Earlier public disclosure would do more harm than good. Plaintiffs also proposed that plan fiduciaries should have publicly disclosed the products liability concerns to correct the stock price. Assuming securities laws would permit such a disclosure, the 3rd Circuit determined that due to the risk of the stock market overreacting, a reasonably prudent fiduciary could conclude the disclosure would do more harm than good. (All but one of the federal appeals courts that have considered similar public disclosure allegations have reached the same conclusion.) The court also disagreed with the plaintiffs’ assertion that such a disclosure was inevitable, noting that the plan sponsor had already prevailed in some of the relevant products liability lawsuits.
7th Circuit: Independent fiduciary delegation shields corporate insiders
The 7th Circuit affirmed the dismissal of a stock-drop lawsuit involving corporate insiders who had retained an independent fiduciary to oversee the plan’s ESOP fund (Burke v. The Boeing Co., No. 20-3389 (7th Cir. Aug. 1, 2022)). Plaintiffs alleged that the appointing fiduciaries had nonpublic information about safety concerns after one of the plan sponsor’s best-selling passenger airplanes crashed. Notably, the independent fiduciary wasn’t a defendant in the lawsuit.
Corporate insiders weren’t ESOP fiduciaries. Emphasizing the delegation of exclusive responsibility for the ESOP fund, the court found the plan sponsor and corporate insiders weren’t acting as fiduciaries for the fund. Even if they had been, the court said ERISA doesn’t obligate fiduciaries who are also corporate insiders to disclose nonpublic information sooner than securities laws require.
No duty to disclose nonpublic information to independent fiduciary. The plaintiffs also argued that the plan’s investment committee had a duty to disclose the nonpublic information to the independent fiduciary. While acknowledging that appointing fiduciaries have an ongoing duty to monitor their appointees, the court ruled that this duty didn’t require the investment committee — as the appointing fiduciary — to disclose nonpublic information to the independent fiduciary. The court recognized that the appointing fiduciary “anticipated exactly this sort of case, in which Boeing insiders would be accused of facing conflicting fiduciary loyalties.” Citing the long history of ERISA stock-drop lawsuits, the 7th Circuit said the court “could easily imagine a different case in which plaintiffs alleged that defendants breached the duty of prudence by failing to appoint an independent fiduciary.”

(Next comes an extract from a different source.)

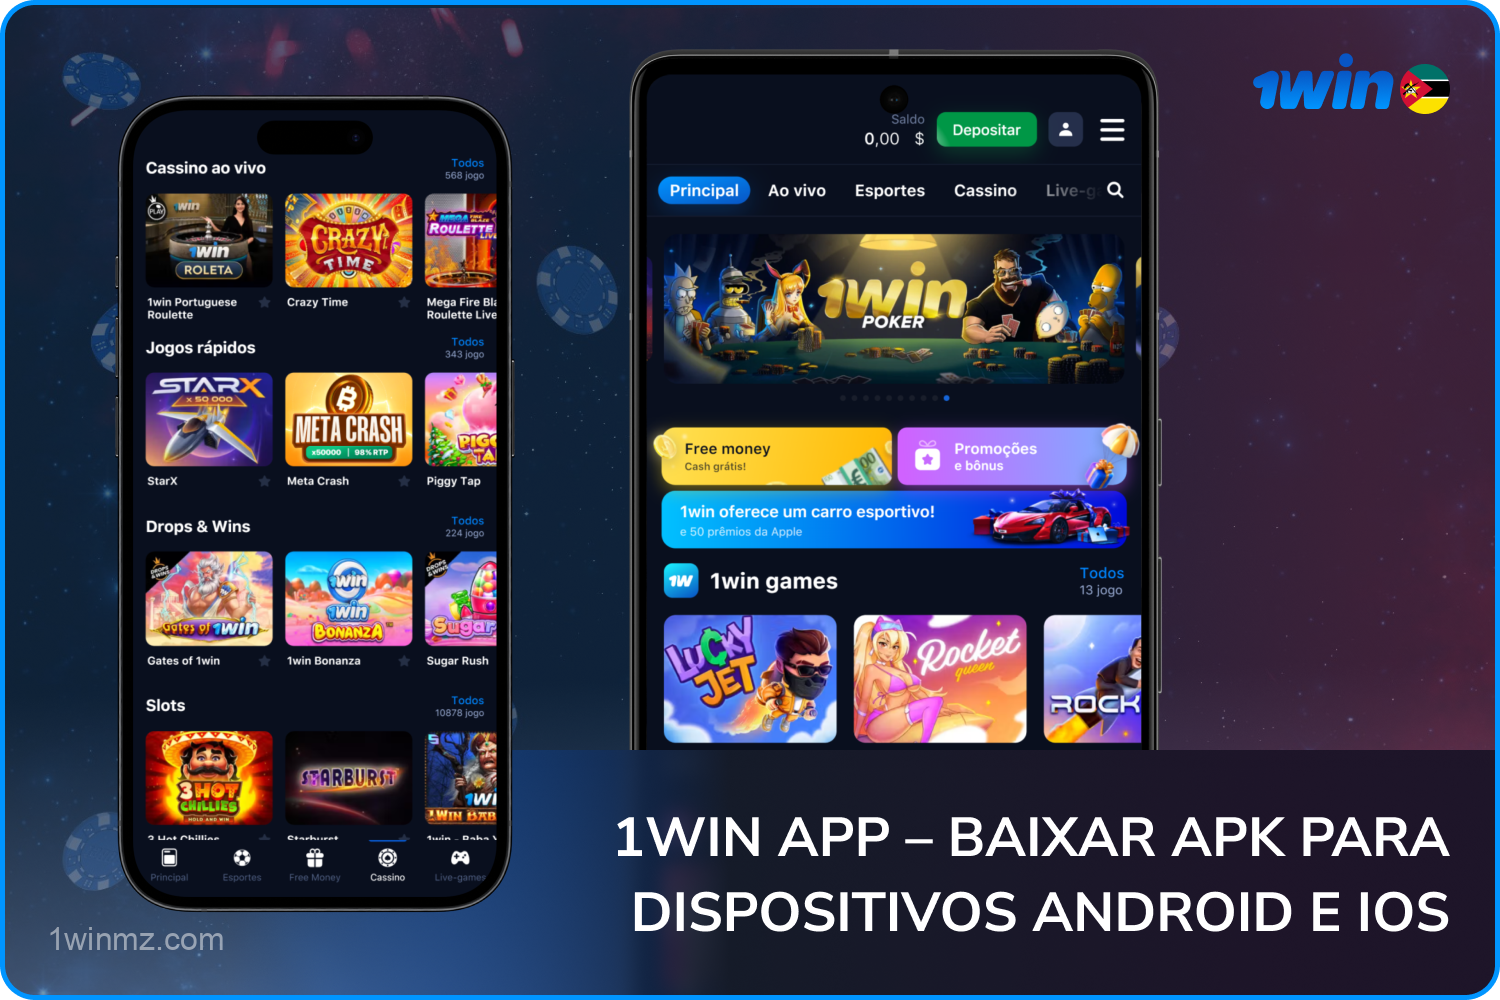 O aplicativo móvel 1win para apostas esportivas e jogos de cassino pode ser baixado por usuários moçambicanos para dispositivos Android e iOS

Continuing the broader trend of stock-drop dismissals
These rulings show the challenges of bringing viable stock-drop claims alleging plan fiduciaries failed to act on nonpublic information. The high court’s pleading standard has proved very difficult to meet, and most similar stock-drop lawsuits since Dudenhoeffer have been dismissed. However, plan sponsors and fiduciaries may want to discuss potential risk-mitigation strategies with their ERISA counsel, as these rulings have yet to deter the filing of new stock-drop lawsuits.